One thing that did go roughly according to plan was that I followed Hades with finally reading Butcher's Skin Game.  And that took about a day (I can't remember if it made it to two or not).

I mentioned, in reviewing Cold Days, that he had kind of taken a step back, to get more of a strategic view than a tactical one.  Well, not unexpectedly, Skin Game was a step back in, and was very immediately focused around Dresden.

You could certainly see where much of what happened would have wider reverberations in that strategic view from the last book, but it was very tightly focused on Dresden and the people around him.

And the people around him... well, let's just say that I wish I'd re-read the whole series.  Several of the people who showed up were significant in earlier books, but my memories of most of them were very vague.

Basically, Dresden was hired out, by Mab, to Nicodemus of the Denarii.  And he was to help Nicodemus raid the vault of Hades (amusing coincidence, reading this right after The House of Hades) to steal the Holy Grail.  Oddly, the latter point doesn't come out for quite a while, in the book, but I mention it since it somehow made it onto the dust cover summary.

Dresden's mission is to help Nicodemus up to the point of getting the artefact, then find a way to screw Nicodemus as hard as he can.  And survive, somehow.

And Nicodemus' other helpers are not people with whom Dresden wants to be associated, as you'd expect.
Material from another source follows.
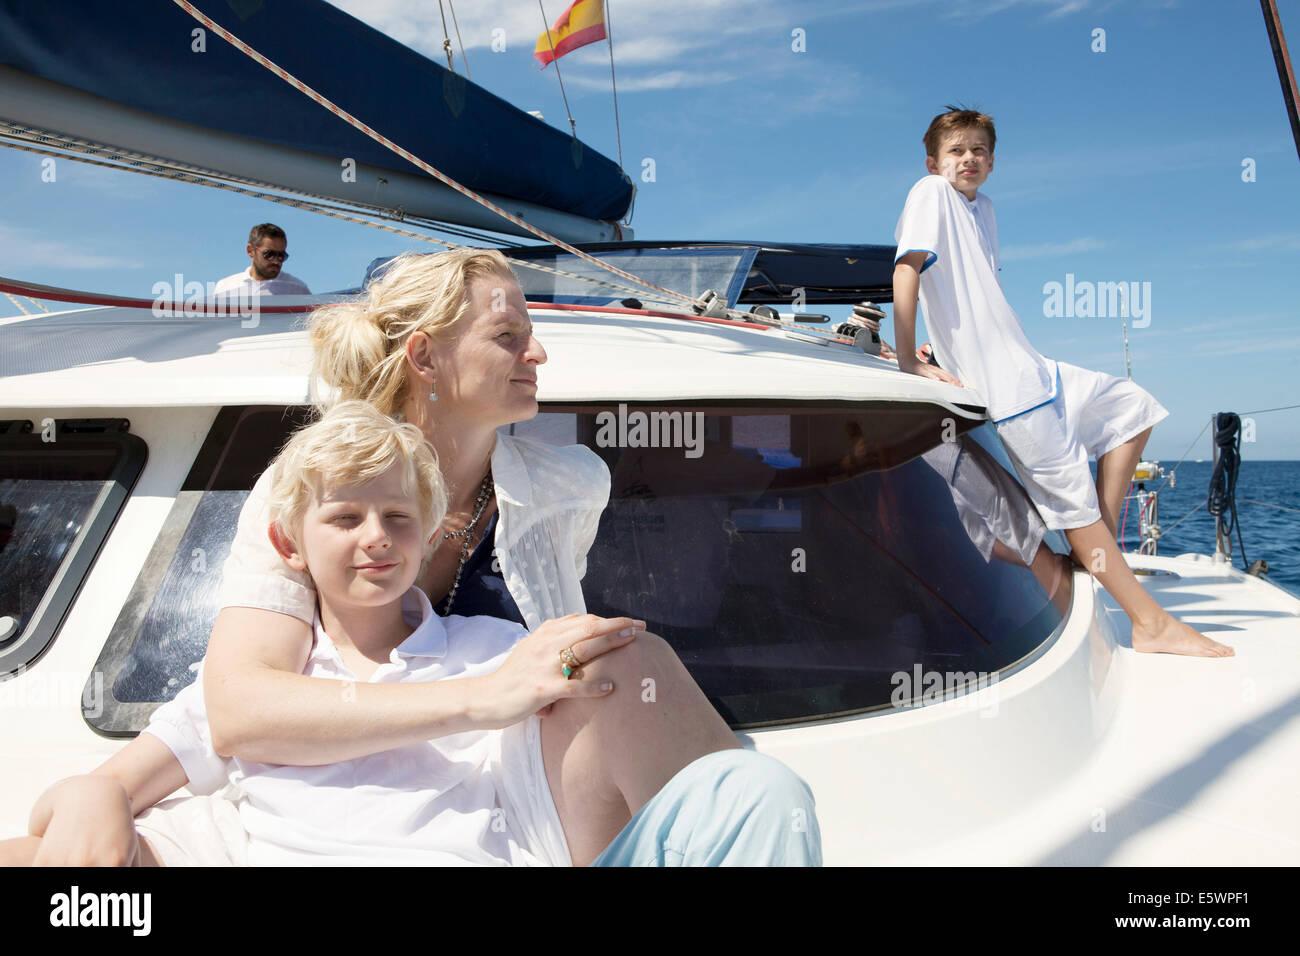 Los padres y los dos hijos de vela en catamarán, cerca de Fuerteventura, ESPAÑA Imagen De Stock

My one complaint of the book is that Dresden mentions an ace in the hole fairly early on, and says he can't talk about it; he has to play his cards very close to the chest.  That was how he tried to keep from alienating both Karrin and Butters, to varying degrees of success.  Of course we didn't see the scene where it was set up; no issue there.  But we don't get a hint of it when we're in his thoughts either, and there were several circumstances where he would have at least been thinking about it.  Nobody can play their cards THAT close to their chest.

In any event, when we do find out about it, we find out a system was set up.  It might be worth re-reading the book, just to check on that system.  I'll have to think about it.  And this really made me want to reread a bunch of earlier books.  That's been on my queue for a while; I might need to move it up a bit.

In any event, this book met all my expectations.  The only thing it might have done, that it didn't, was that it hinted again at Dresden's mother, but we still didn't find out anything about her.  I've been looking for that since the first book, when Dresden met Chauncy.  I hope he gets around to it.

I also mentioned, in the last book, about how Dresden had had so many of his toys taken away recently.  Well, he had remade a staff in this one, and he might have gone a heck of a lot further as well for the next book.  Plus, he's got a little bit of money that kind of fell into his hands.  It's unclear how much it is, but certainly a lot more than he's ever had before.

Oh, and Dresden finally met Maggie, and he and Karrin finally decided to pick up where they were right before he got "killed".  Plus, another child enters the picture, in a very odd way.  That part is actually another reason to go back and reread previous books, though I'm not sure how much they'll reveal.

Anyway, it was an excellent book, and I'm anxiously awaiting the next volume.